Common misconceptions
- Formants are pitches. Pitch is fundamental frequency (F0); formants are resonances independent of F0.
- Vowels have universal formant values. Frequencies vary by speaker; phonemic identity is relative position in F1-F2 space.
- Only vowels have formants. Sonorant consonants (nasals, liquids) have formants too; obstruents have spectral noise instead.
- F1, F2 are the only relevant ones. F3 distinguishes [r] from [l]; F4 and above contribute to voice quality.
- Spectrograms are pictures of speech. They are mathematical transforms; reading them requires training.
- Higher formants mean higher tongue. The relationship is between F1 and height, but F2 reflects backness — higher F2 means more front, not higher.
Frequently asked questions
How does the source-filter model work?
Speech production has two components. The source — usually voiced vocal-fold vibration producing a buzz with harmonics at multiples of the fundamental frequency (F0). The filter — the vocal tract (pharynx, mouth, lips) shaping that source through resonance. The filter's resonant frequencies are formants. Fant (1960) modeled this mathematically. The model predicts vowel formant frequencies from vocal-tract length and shape, and is foundational to acoustic phonetics.
Why does F1 track vowel height?
F1 reflects the size of the back cavity (pharynx) of the vocal tract. Lowering the tongue (as in [a]) constricts the pharynx and enlarges the front cavity, raising F1 to ~700-900 Hz. Raising the tongue (as in [i] or [u]) widens the pharynx and lowers F1 to ~250-350 Hz. The inverse correlation with height is consistent across speakers and languages, after normalization.
What does F2 tell us?
F2 reflects the location of the tongue's main constriction along the front-back axis. Front vowels [i, e] push the tongue forward, shortening the front cavity and raising F2 toward 2200-2500 Hz. Back vowels [u, o] retract the tongue, lengthening the front cavity and dropping F2 to 700-1000 Hz. F1 vs.
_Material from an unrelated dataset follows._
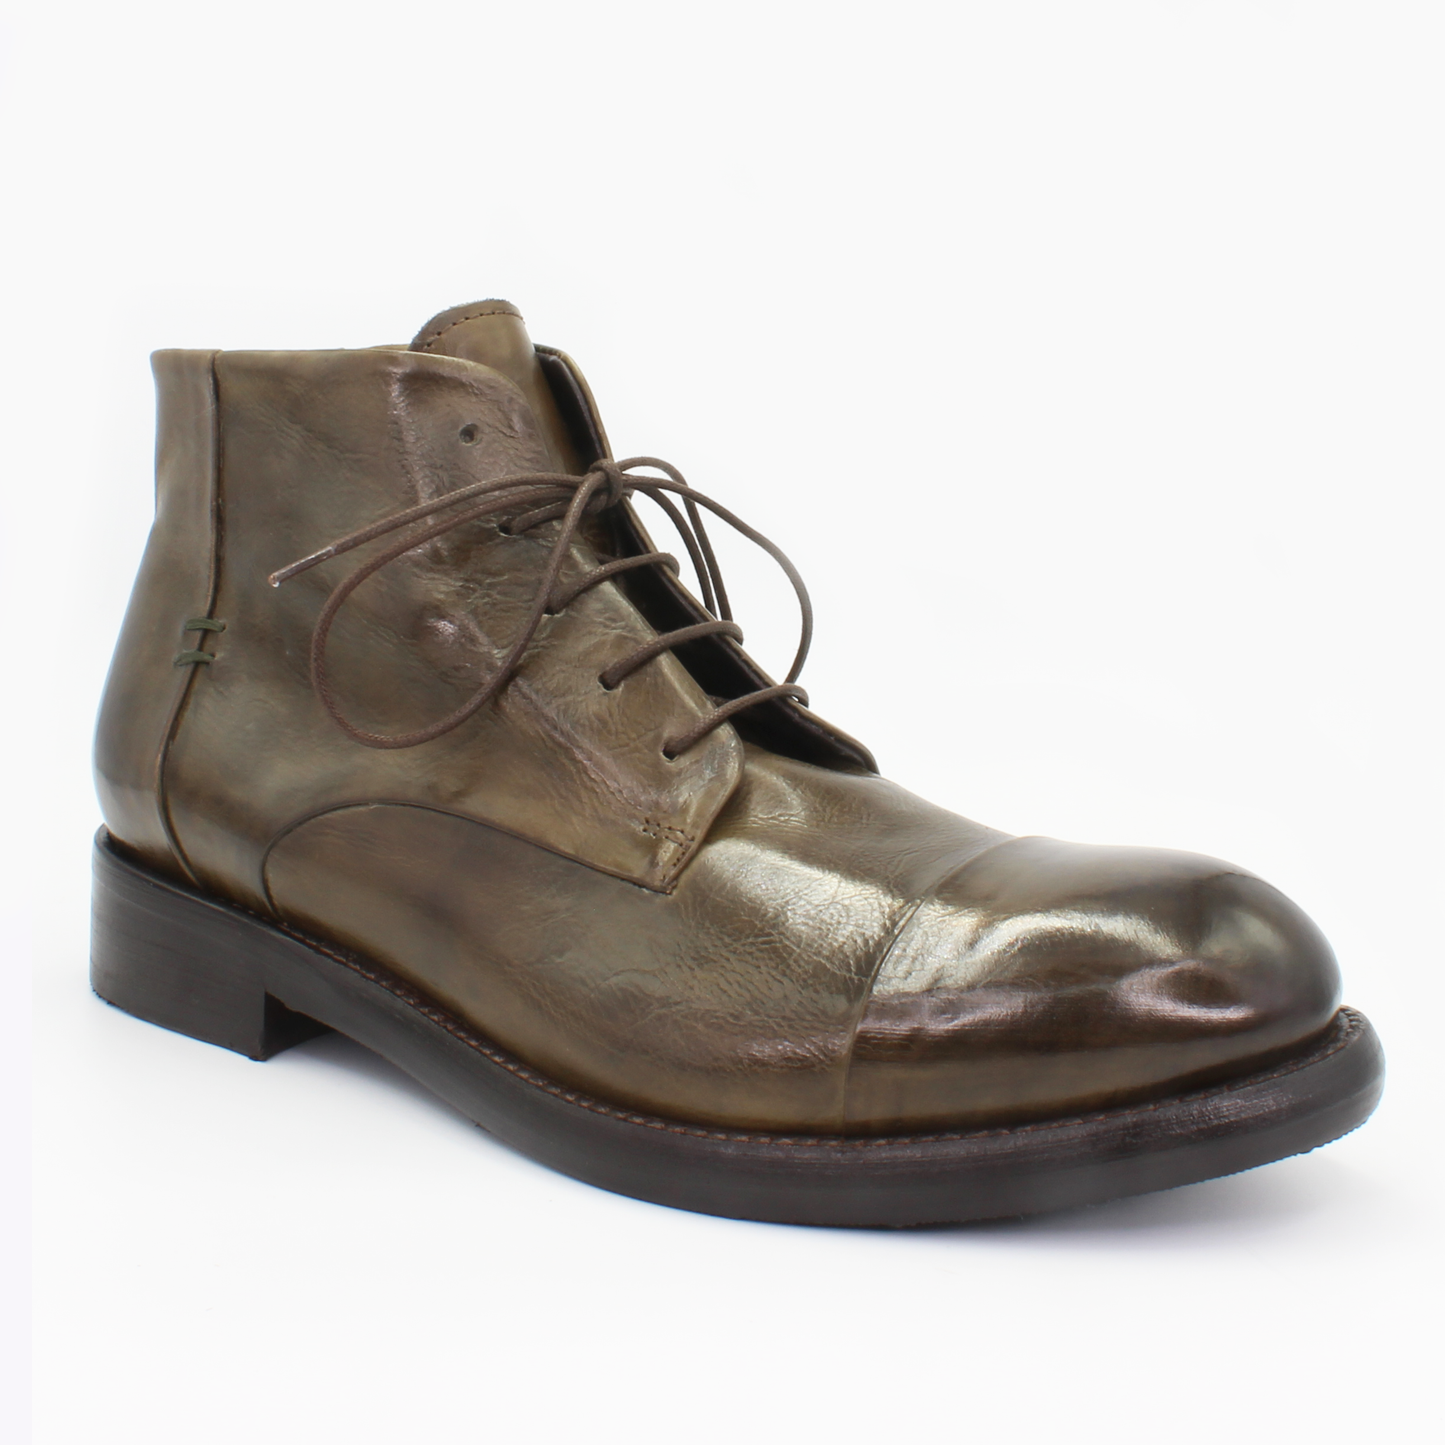 Shop Handmade Italian Leather Boot in Militare Green (JP36526/9) or browse our range of hand-made Italian boots for men in leather or suede in-store at Aliverti Cape Town, or shop online. We deliver in South Africa & offer multiple payment plans as well as accept multiple safe & secure payment methods.

F2 plots are the standard way phoneticians display vowel spaces.
How do F1-F2 plots represent vowels?
Phoneticians plot F2 on the horizontal axis (decreasing left to right) and F1 on the vertical axis (decreasing top to bottom). The result roughly mirrors the IPA vowel chart — a quadrilateral with [i] top-left, [u] top-right, [a] bottom-center. Each speaker's plot differs in absolute frequencies but shows the same topology after normalization. This visualization revolutionized acoustic phonetics in the 1950s.
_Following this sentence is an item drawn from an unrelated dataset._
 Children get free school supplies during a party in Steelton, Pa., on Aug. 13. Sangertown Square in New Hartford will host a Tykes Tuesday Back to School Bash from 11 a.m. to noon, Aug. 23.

How are formants measured?
From a spectrogram showing energy as a function of frequency and time, the dark horizontal bands are formants. Linear Predictive Coding (LPC) algorithms extract formant frequencies automatically. Praat (Boersma and Weenink) is the standard free phonetics tool. Manual correction is often needed — automatic tracking fails near silences, fricatives, or rapid transitions.
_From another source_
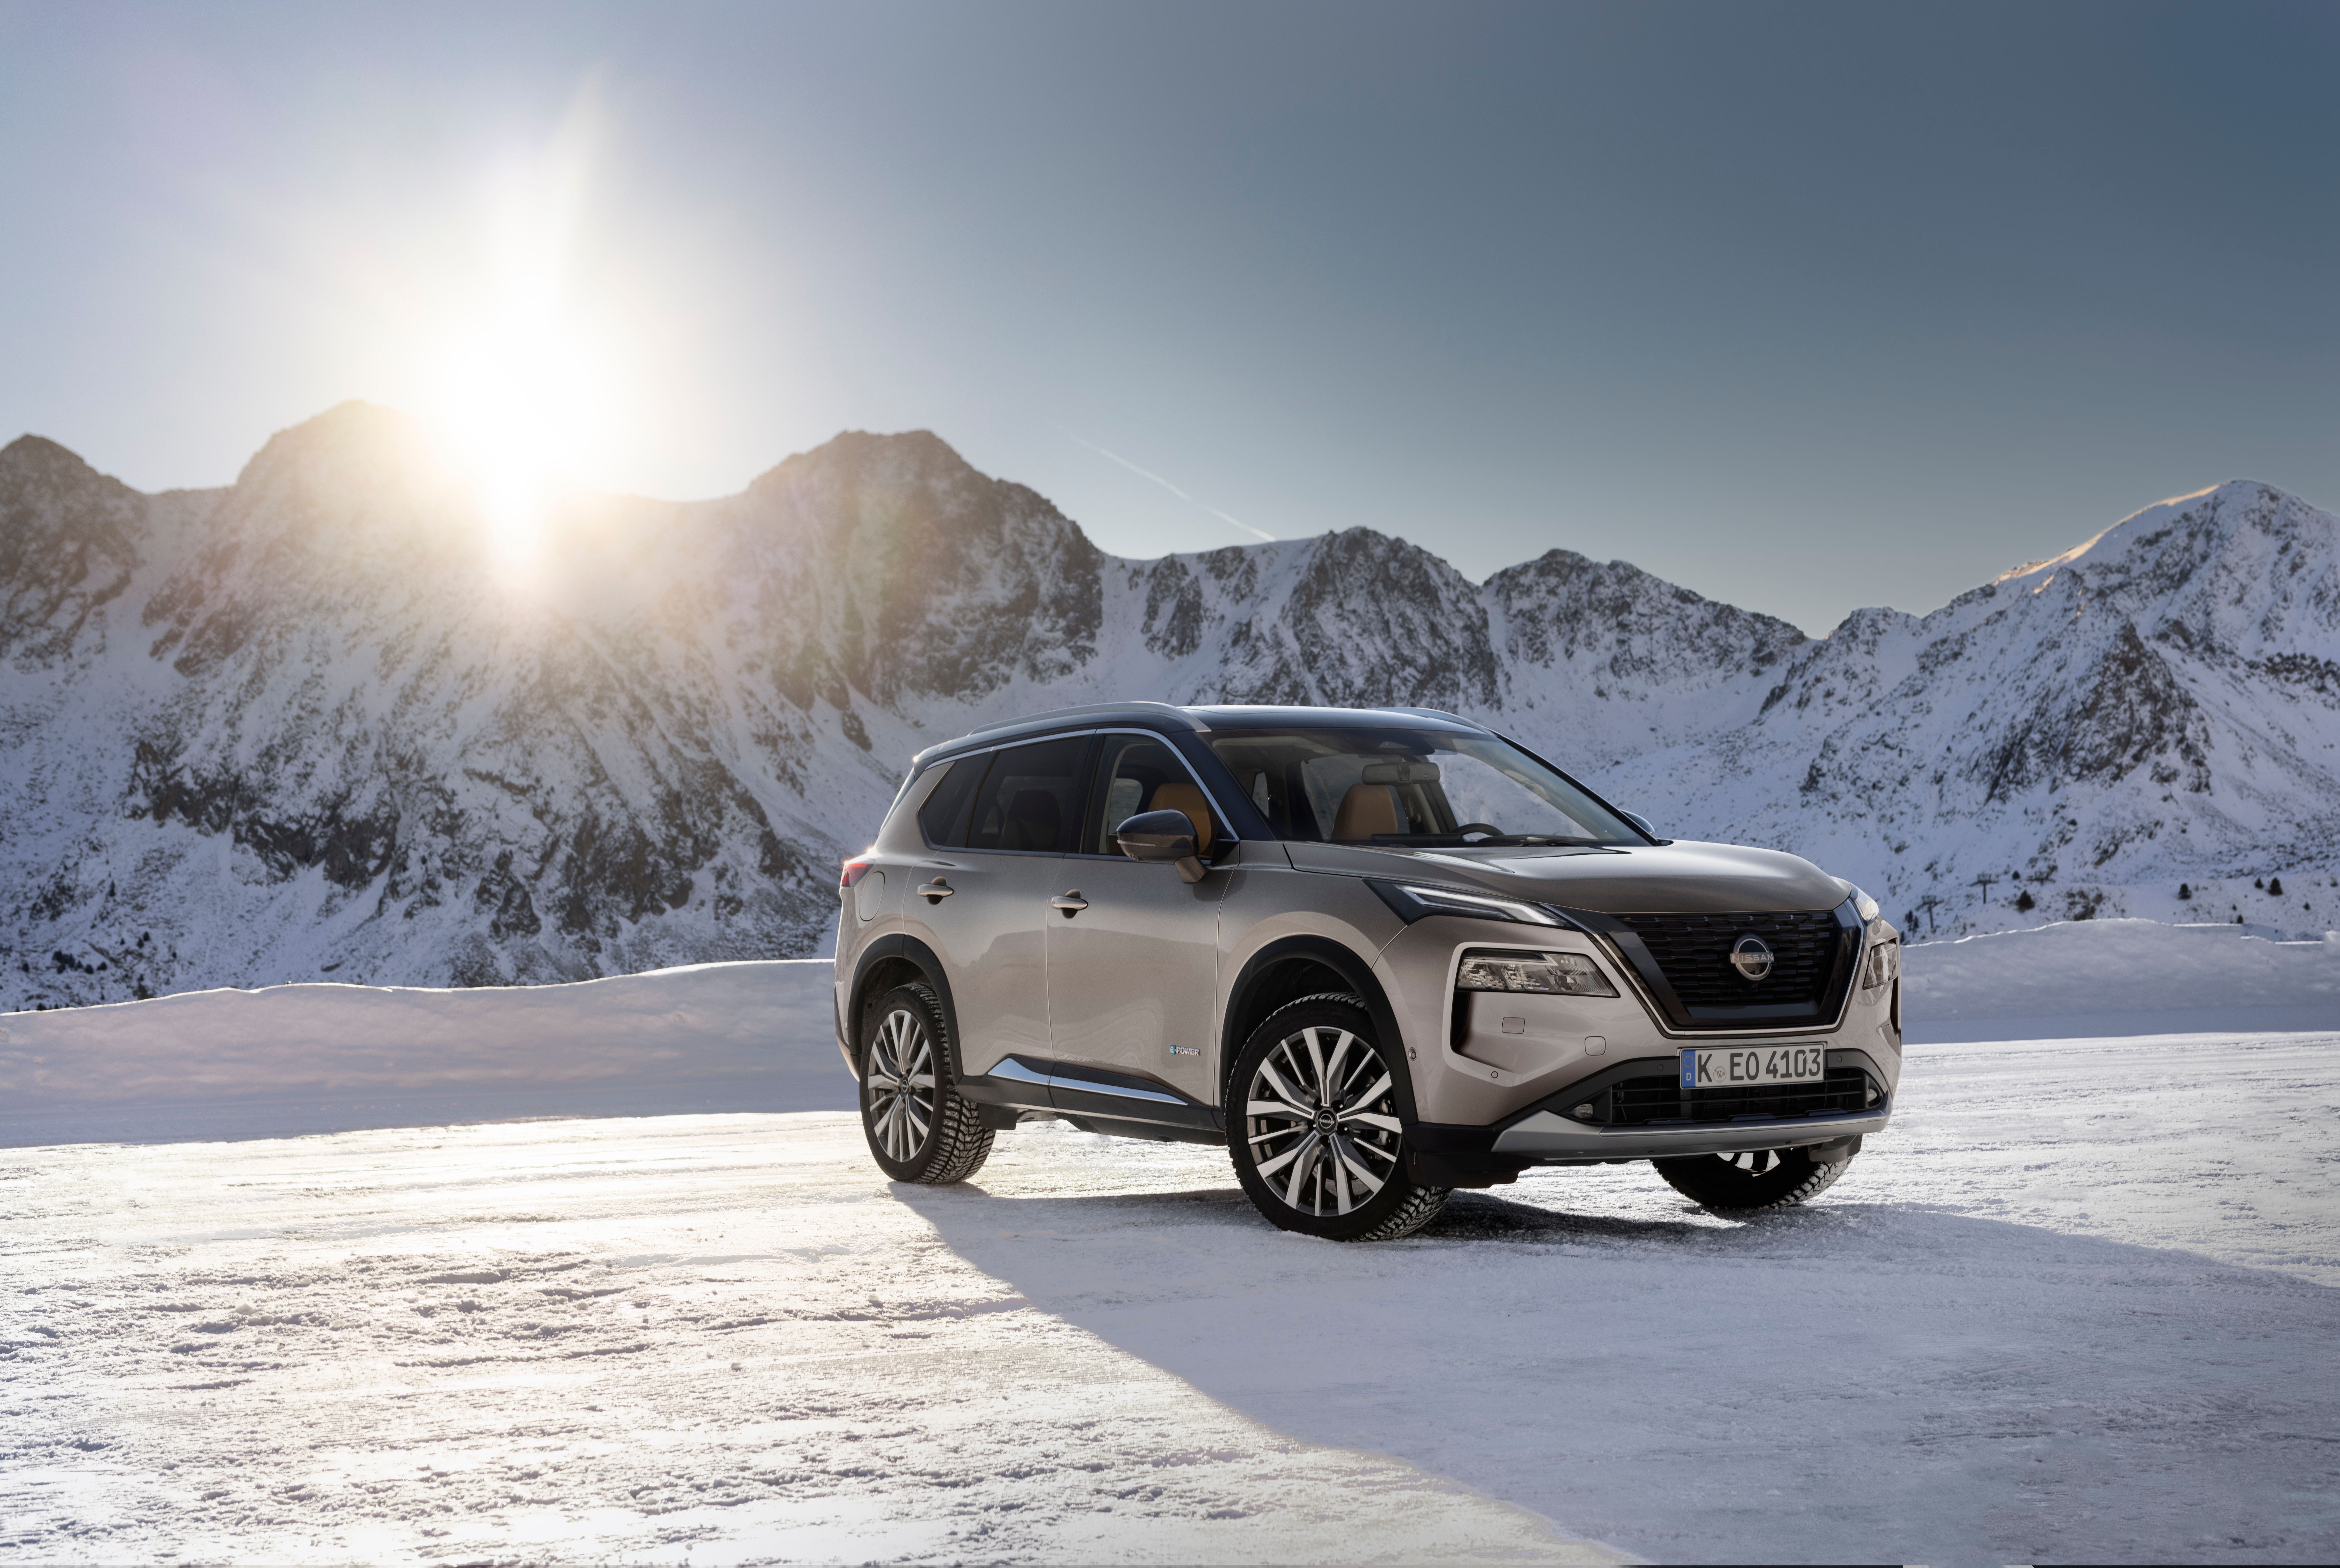 Nissan e-4ORCE touches ground in Europe to take on the harshest winter conditions with superior control

Why are children's formants higher?
Vocal tract length determines formant frequencies — shorter tract, higher formants. Adult males have ~17 cm vocal tracts, females ~15 cm, children 10-13 cm. Children's formants are 30-50% higher than adult males'. This poses a problem for speech recognition: the same vowel has different absolute frequencies across speakers. Vocal tract length normalization handles this in ASR.
What about consonant formants?
Consonants influence formants in adjacent vowels through transitions. Locus theory (Delattre, Liberman, Cooper 1955) holds that each place of articulation has a characteristic F2 starting point. Bilabial /b/ pulls F2 toward ~700 Hz; alveolar /d/ toward ~1700 Hz; velar /g/ toward ~3000 Hz. These transitions are the primary perceptual cue to consonant place — vowels carry the consonant's signature.